At the Camden County Correctional Facility, residents are offered not just one, but three different options of medications for opioid use disorder.
For Kirk Stewart, 47, of Gloucester City, getting immediate access to addiction treatment has helped him live a better life while incarcerated.
“And here, I get the [buprenorphine] shot and I don’t have to worry about forgetting or remembering to take my medication every day,” Stewart said. “It’s once a month and I just go on with my daily life.”
About 203 people at the Camden facility – about a quarter of all its residents – are receiving medication for opioid use disorder.
Prior to someone’s release, a team of specialists line up outpatient treatment appointments, put together harm reduction supplies, and sometimes find housing placements at sober living homes.
On Tuesday, White House official Dr. Rahul Gupta called Camden County’s addiction treatment program for incarcerated people “a model for the nation” as he previewed federal changes coming later this year that will expand substance use health care for high-risk populations.
“Because the bottom line is this: treating substance use disorder in prisons, jails is a smart move,” Gupta said. “It’s a smart move for our economic prosperity, for our safety and health, for the nation.”
Gupta is the director of the Office of National Drug Control Policy. He toured the county jail, met with residents, and spoke with local and state leaders about the Biden Administration’s plans to address the opioid epidemic and its deadly toll.
National studies show that someone is at least 12.7 times more at risk of suffering a fatal overdose within two weeks after release from jail or prison than the general population.
Experts say people have a better chance at maintaining addiction recovery if they’re able to access medication while incarcerated, and continue that treatment during their transition into the community after release, which is also referred to as reentry.
Prisons and jails have paid for these services largely with state funds and private grants – they were not allowed to use certain federal health care dollars to pay for substance use treatment for people behind bars.
But that’s soon changing. This spring, federal agencies will issue new guidance on how states can apply to use Medicaid funding to pay for treatment and support services leading up to reentry.

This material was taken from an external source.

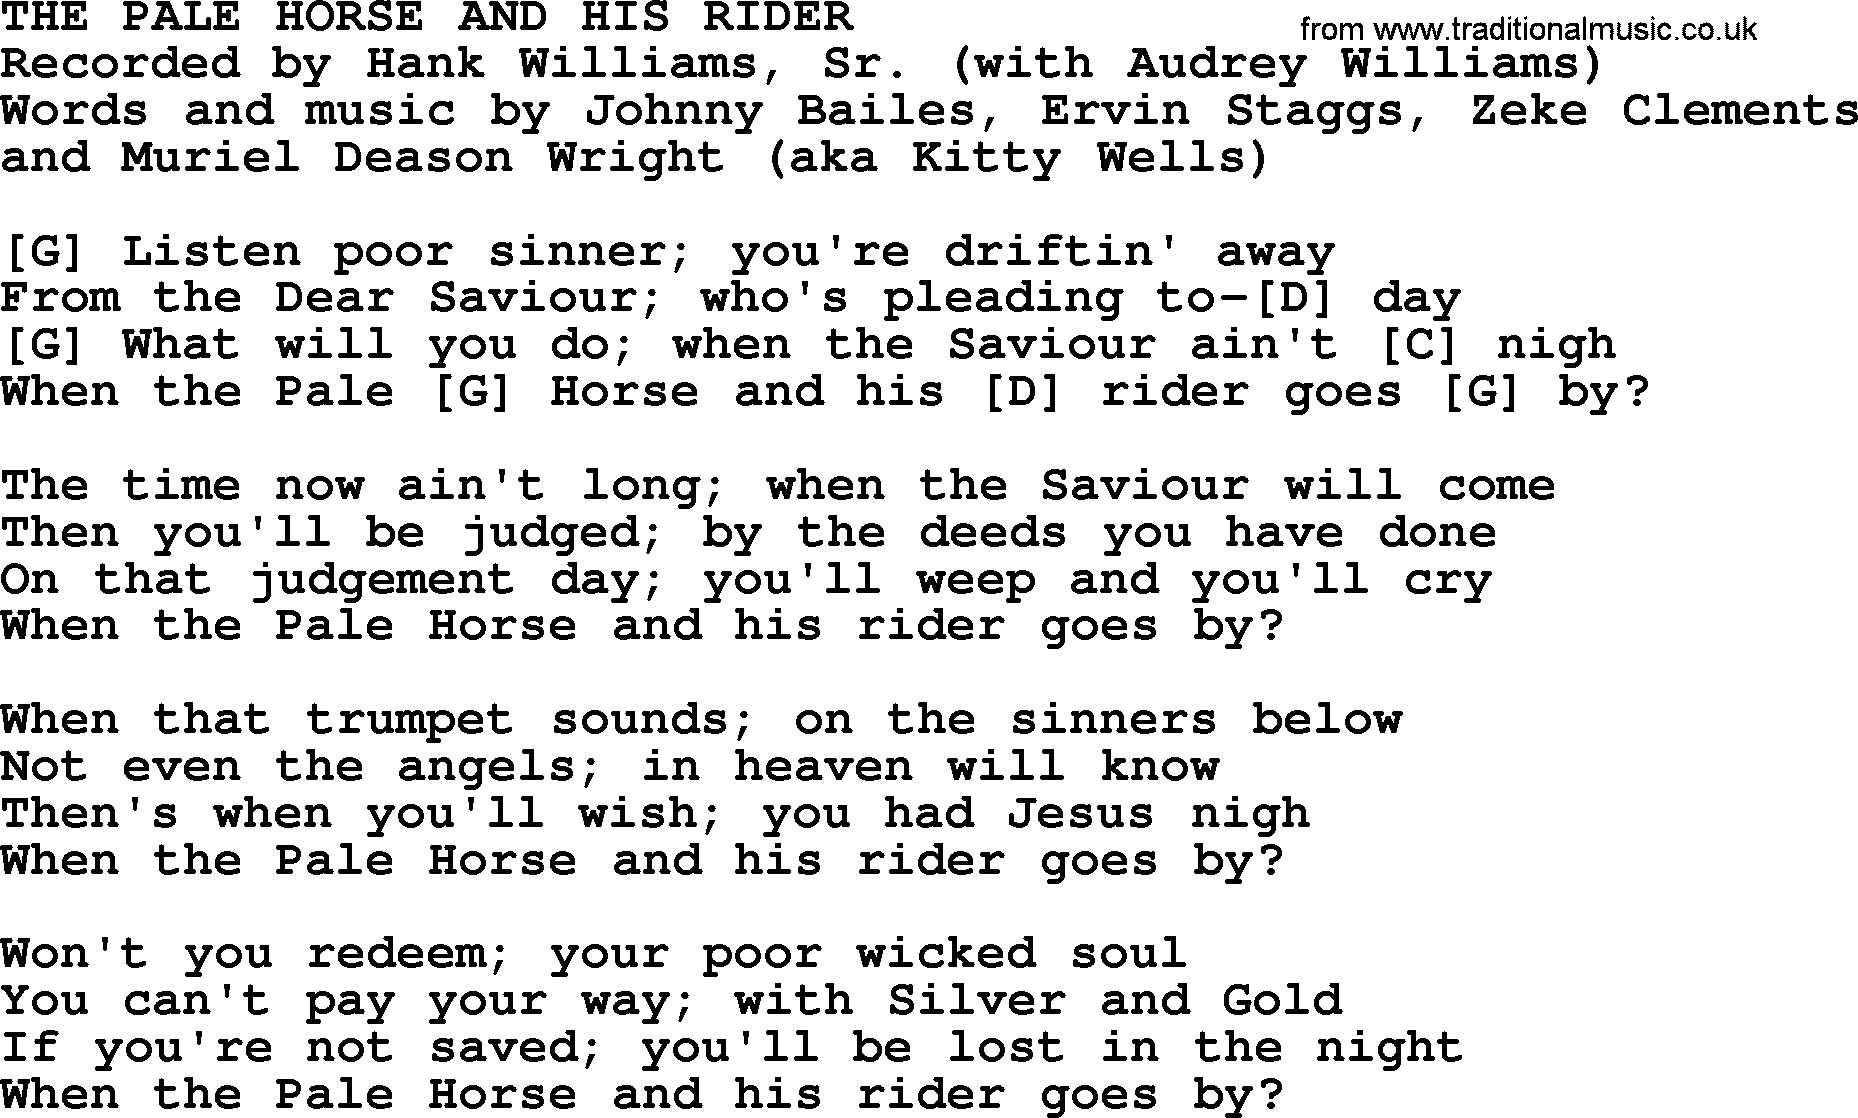 Hank Williams song The Pale Horse And His Rider, lyrics and chords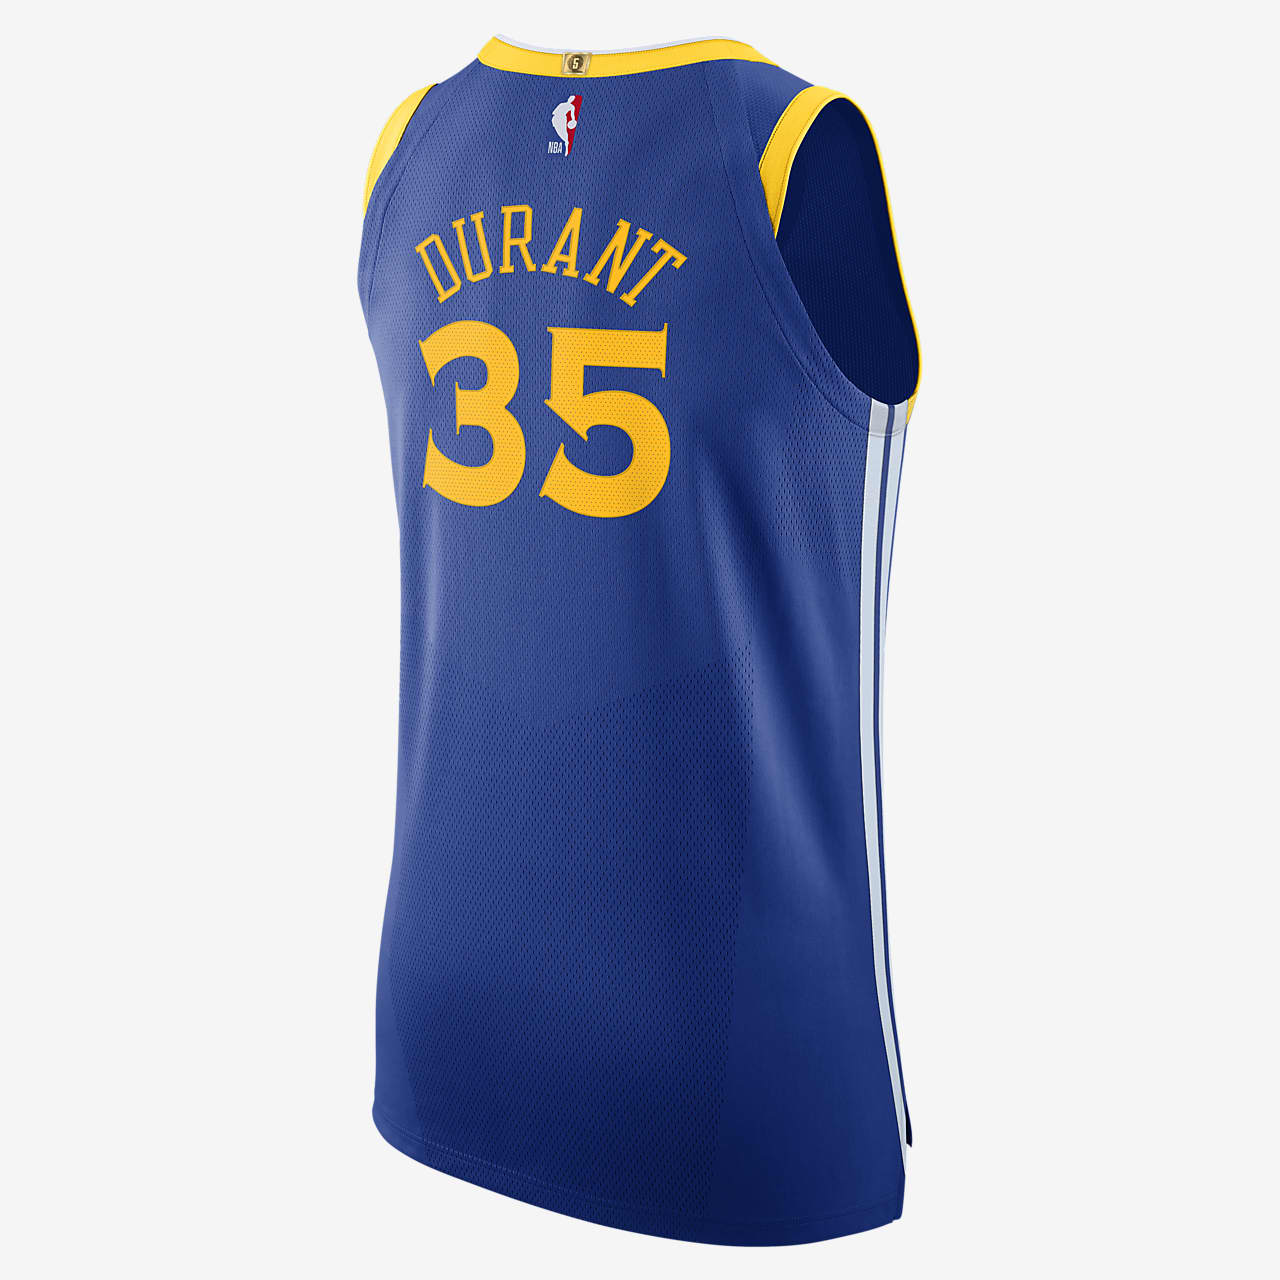 kevin durant back of jersey

At the Camden County facility in South Jersey, the cost for addiction treatment and reentry services, including the employment of specialized staff has exceeded $1.8 million since 2019, according to officials.
Warden Karen Taylor said additional funding could go a long way in creating a more robust program in Camden County.
“Every day, individuals leave our facility, back to the community, and we need to make sure that they are provided with the resources to be successful,” she said. “Medication alone are not the resources – medication plus housing, medication plus identification, medication plus our peer navigators in the community, that’s how we become successful.”
California became the first state to get approval for this type of funding last month. Federal agencies are using it as a pilot example before issuing final guidance for other states.